Q: “If this chick came onto me and i like her, but if when i call her on the phone she sounds like a truck driver what do i do?” Beachboy, FL
A: “Who gives a fuck what she sounds like on the phone. You sound like a pathetic loser. Give me her number.”

Q: “Ok, if a chick at work gives you a phone number and you never plan on calling, do you trash it? Save it? Hide it? And what if your chick finds out?” anonymous-NH
A: “You aren’t calling cuz why? Do as many chicks as you can bro, dump the girlfriend. Unless the girlfriend supports you. If you really are the relationship type, trash it. Stay with your girl, and be unhappy as you see your buddies banging new chicks all the time. Bud, I’m just trying to help. Can I have the chick’s number?”

Q: “”Where can Kirk Cameron meet a quality chick that doesn’t have a tattoo on her pussy?” Beachboy, FL
A: “Any High School”

Q: “Ok…if this guy I like likes me but wants me to get with his friend what do I do?” J.K.
A: “Two choices, a. If the friend is cute, do the friend. b. Offer oral sex to the guy you like, if he turns it down he is gay, then do the friend.”

Q: “Why did that hot Nikki Cox from “”Unhappily Ever After”” marry that jackass Bobcat Goldthwait and not me?” N.I.
A: “She must have masturbated years ago to the Police Academy films, as we all did. Or, because, it will further her sagging career, or she might have done it for Love, if that’s the case, I give the marriage 20 months at most.”

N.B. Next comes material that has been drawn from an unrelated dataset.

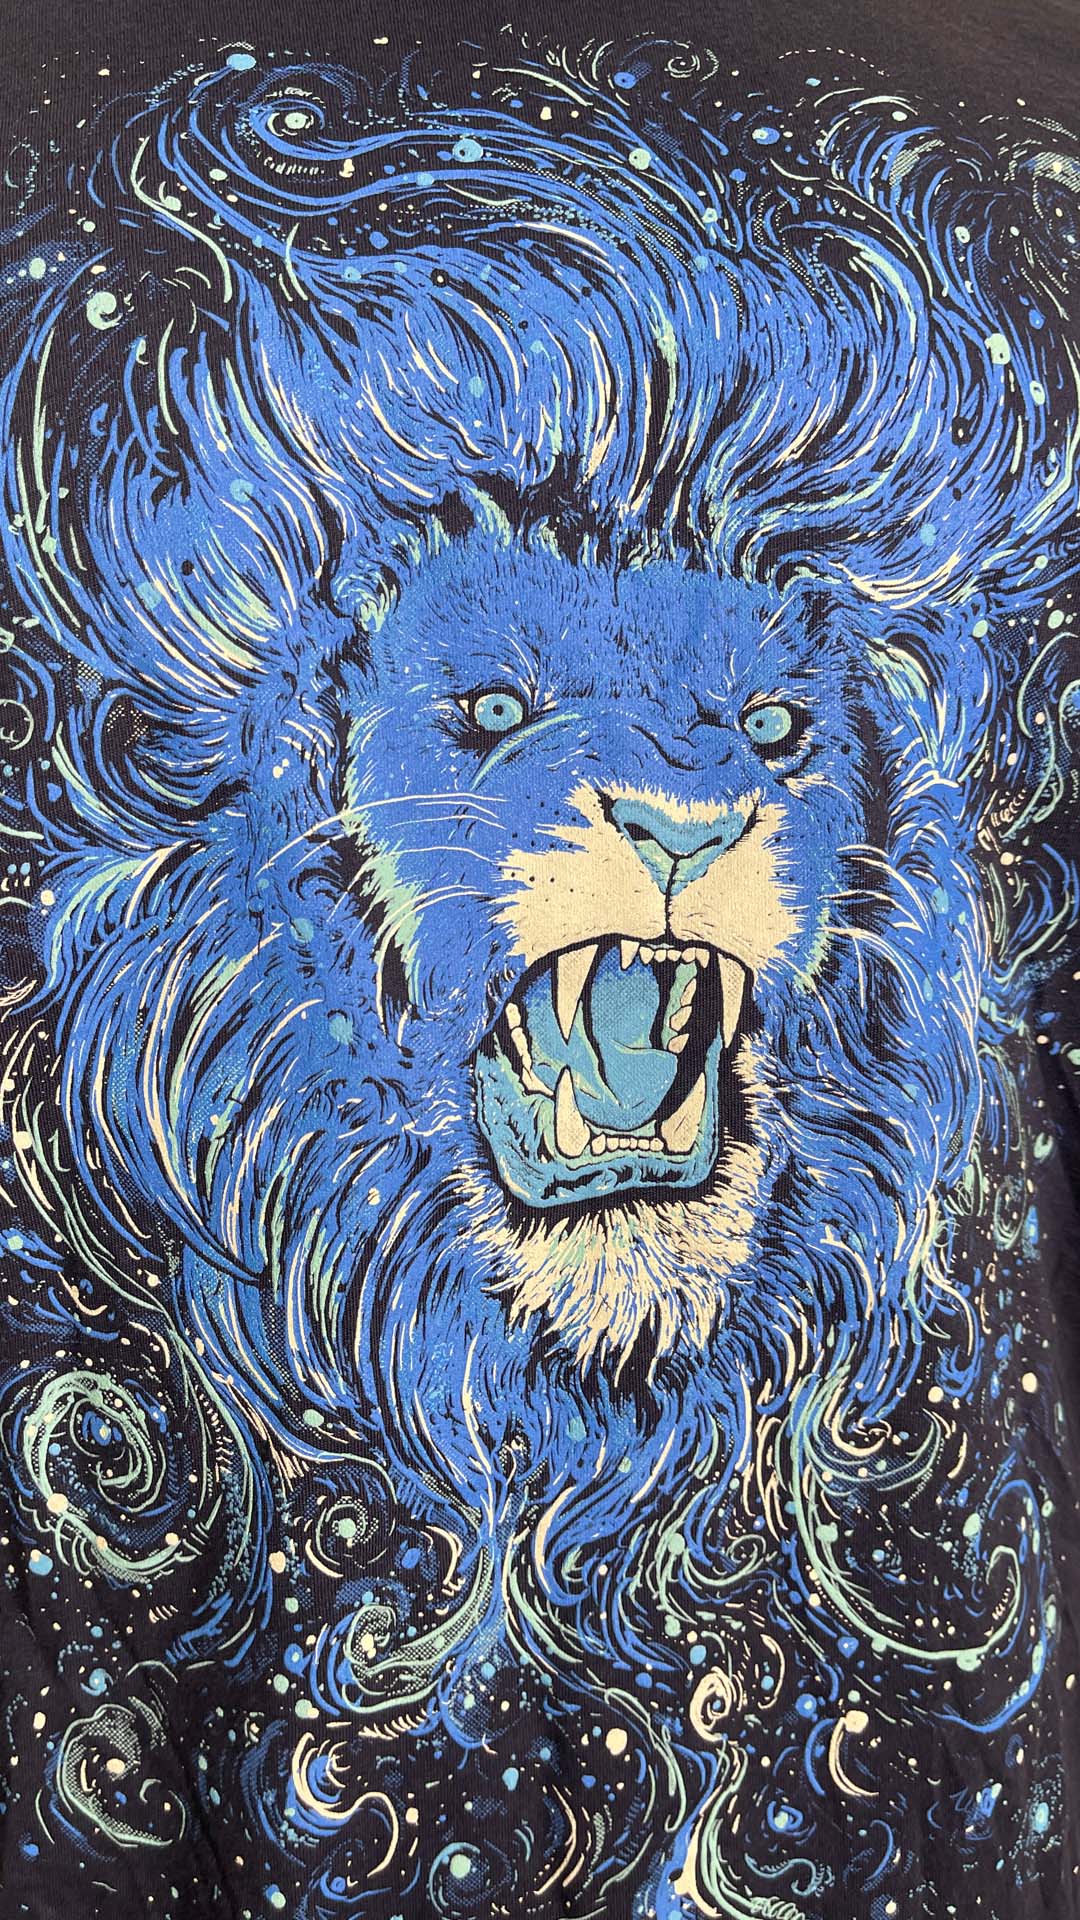 Cosmic Lion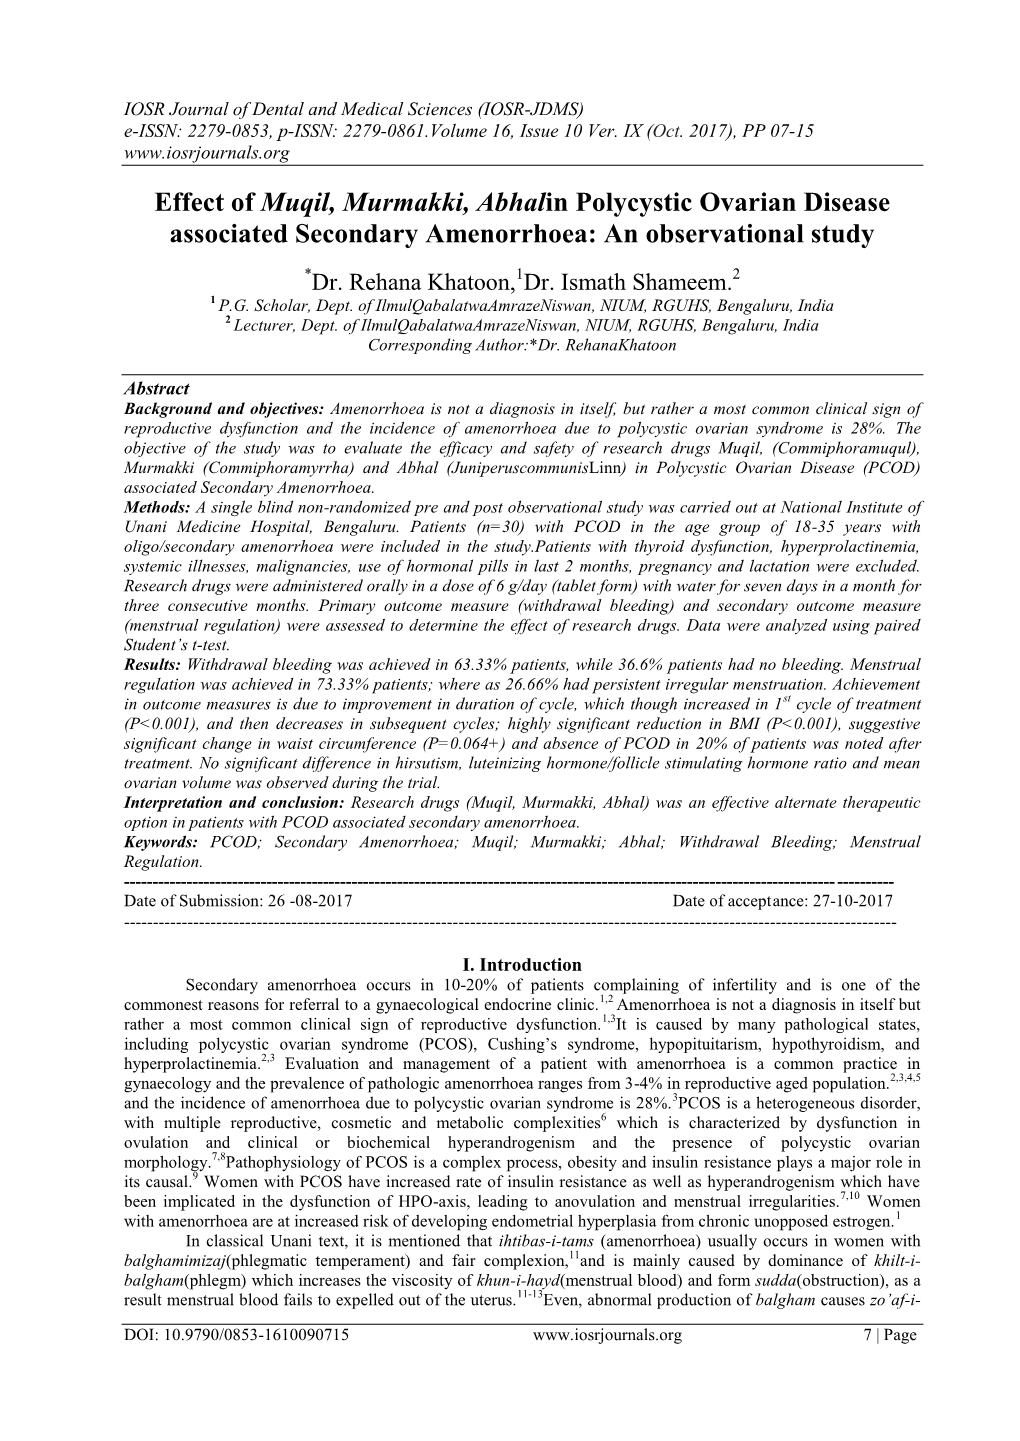 Effect of Muqil, Murmakki, Abhalin Polycystic Ovarian Disease Associated Secondary Amenorrhoea: an Observational Study

Q: “A girl I had just met at a club let me put her gum in my mouth and then she put my altoid into her mouth, does she like me?” C.L.
A: “Yes”

Q: “What do girls look at first on guys?” A.D
A: “Wallet, then eyes, shoulders and arms, ass”

Q: “Where’s the best place to go to meet girls” J.A
A: “Industry Nightclub 1993”

Q: “Are men better than girls?” F.J.
A: “Yes, we don’t wear makeup, and we are smarter”

Q: “I’m afraid to approach really hot chicks, I don’t have a problem with average looking girls” D.R.
A: “Fine, leave the hotties for me, stick to what you are good at”

Q: “Meni, who in your opinion is the hottest girl in the world” B.S.
A: “Is it a crime to love all women? For me, I go in cycles, just like any Alpha Male. Remember a 5 in bed is better than a 10 in your head.”

Q: “A pretty girl from school I met this past fall, well, me and her have become good friends, she dates a lot, just not me, what should I do? I don’t want to ruin our friendship, but I really like her.” P.R.
A: “Rule One, never become ‘friends’ with hot chicks, always be the guy in the rated R movie you aren’t too sure you like. Rent Swingers. Since you are in this far, either get her drunk and hit on her, NO DATE RAPE, or figuring she’s hot, they run in packs, hook up with one of her friends, the jealousy will get her hot.”

Q: “I’m going to be working with a Playboy playmate
and my girlfriend doesn’t like it, what should I do Meni?” Taboo
A: “Do the Site, and Do The Playmate. If your girl leaves, good. If not, you’re golden. Don’t let a woman stop you from doing anything or anyone. You are a stallion, and you are meant to breed. Or just refer the playmate to me. You can never surround yourself with too many women.

Q: “I am going to Miami for a convention, should I leave my girlfriend at home? And what if my girlfriend wants her own website? Taboo
A: “Never take your girlfriend anywhere. And if she wants her own site, you keep the profits, shoot the pics, and do hardcore with her.”